Kluris turns your AI agents into a subject matter expert that never sleeps and never quits.

When your best engineer sleeps, Kluris doesn't. When they leave, Kluris stays.

🎥 New here? Take the guided tour at kluris.io — install, first brain, agent workflows, multi-brain, git collaboration, and the MRI visualization, end to end.

What is Kluris?

Kluris gives every AI agent on your team shared knowledge -- architecture, decisions, conventions, learnings -- so they work like an SME who knows your entire codebase, not a generic assistant starting from scratch every time.

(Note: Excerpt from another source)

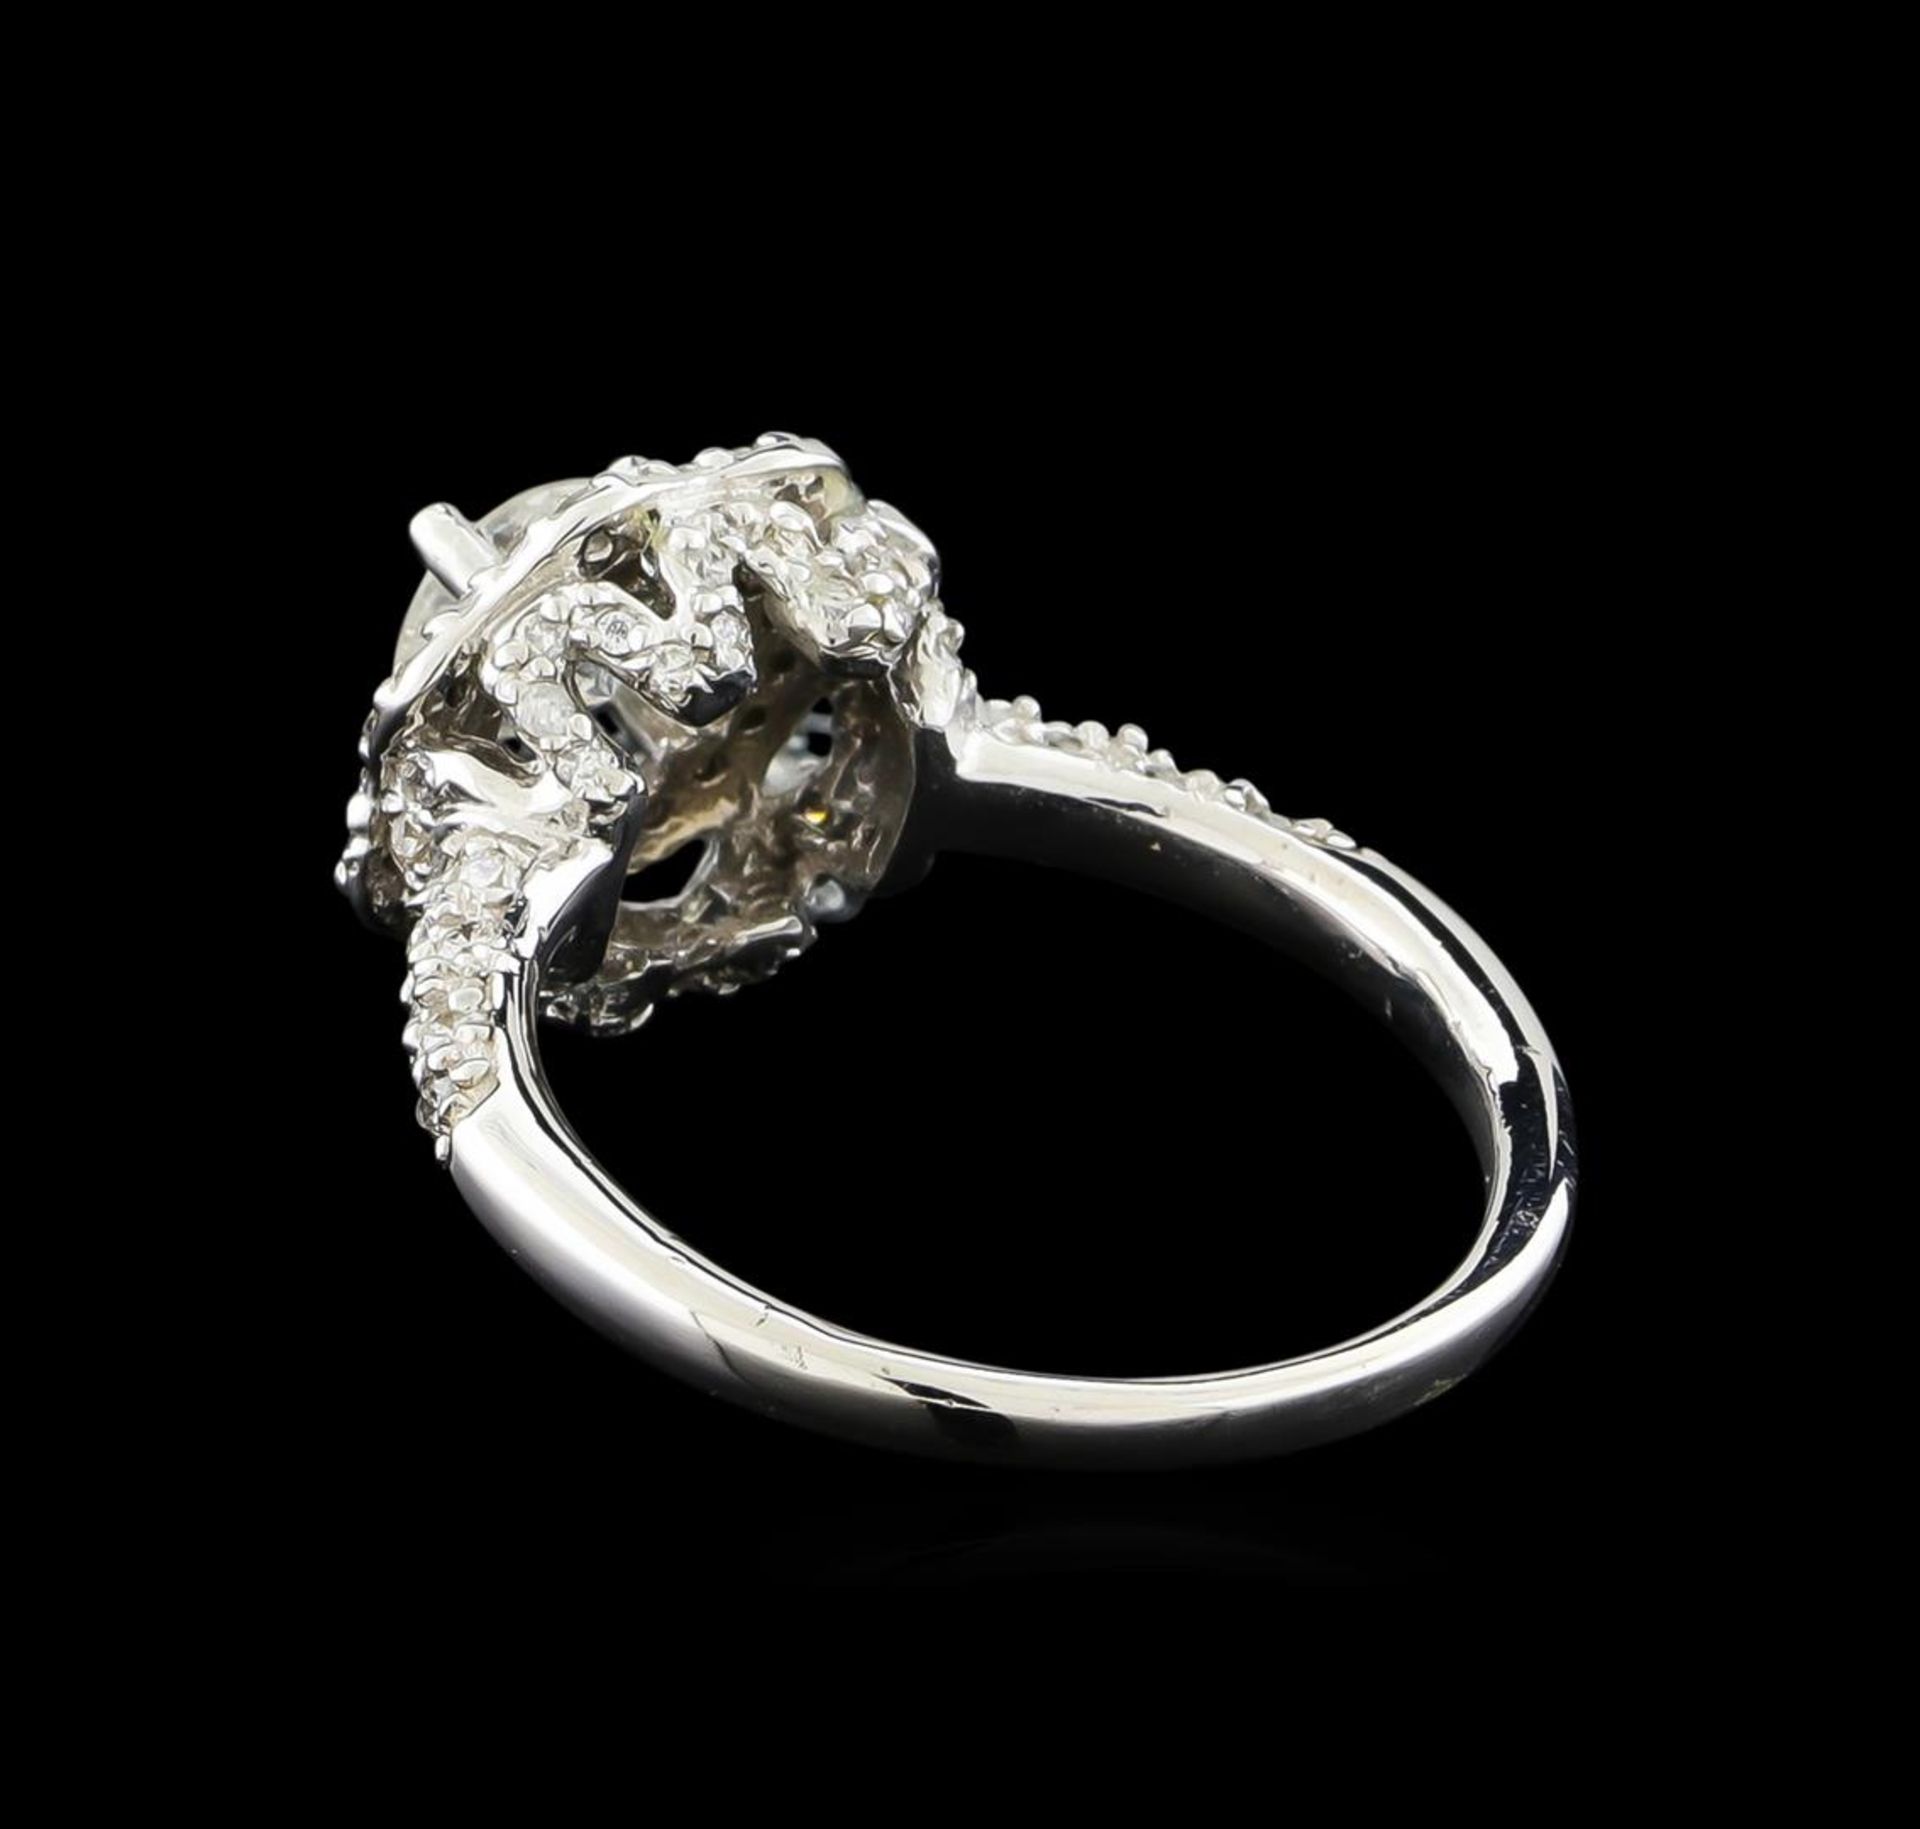 14KT White Gold 0.95 ctw Diamond Ring - Image 3 of 5

Knowledge is stored in a brain: a git-backed repo of structured markdown that agents read, search, and apply automatically. The human and agent curate the brain together -- the agent proposes what to document, the human reviews and approves every piece.

Why it saves tokens

A brain is a pre-digested summary your agent reads instead of the raw files. Without it, the agent crawls the whole repo (and every sibling repo it needs context from) on every new chat. With a brain, it loads one compact snapshot and jumps straight to the neuron it needs.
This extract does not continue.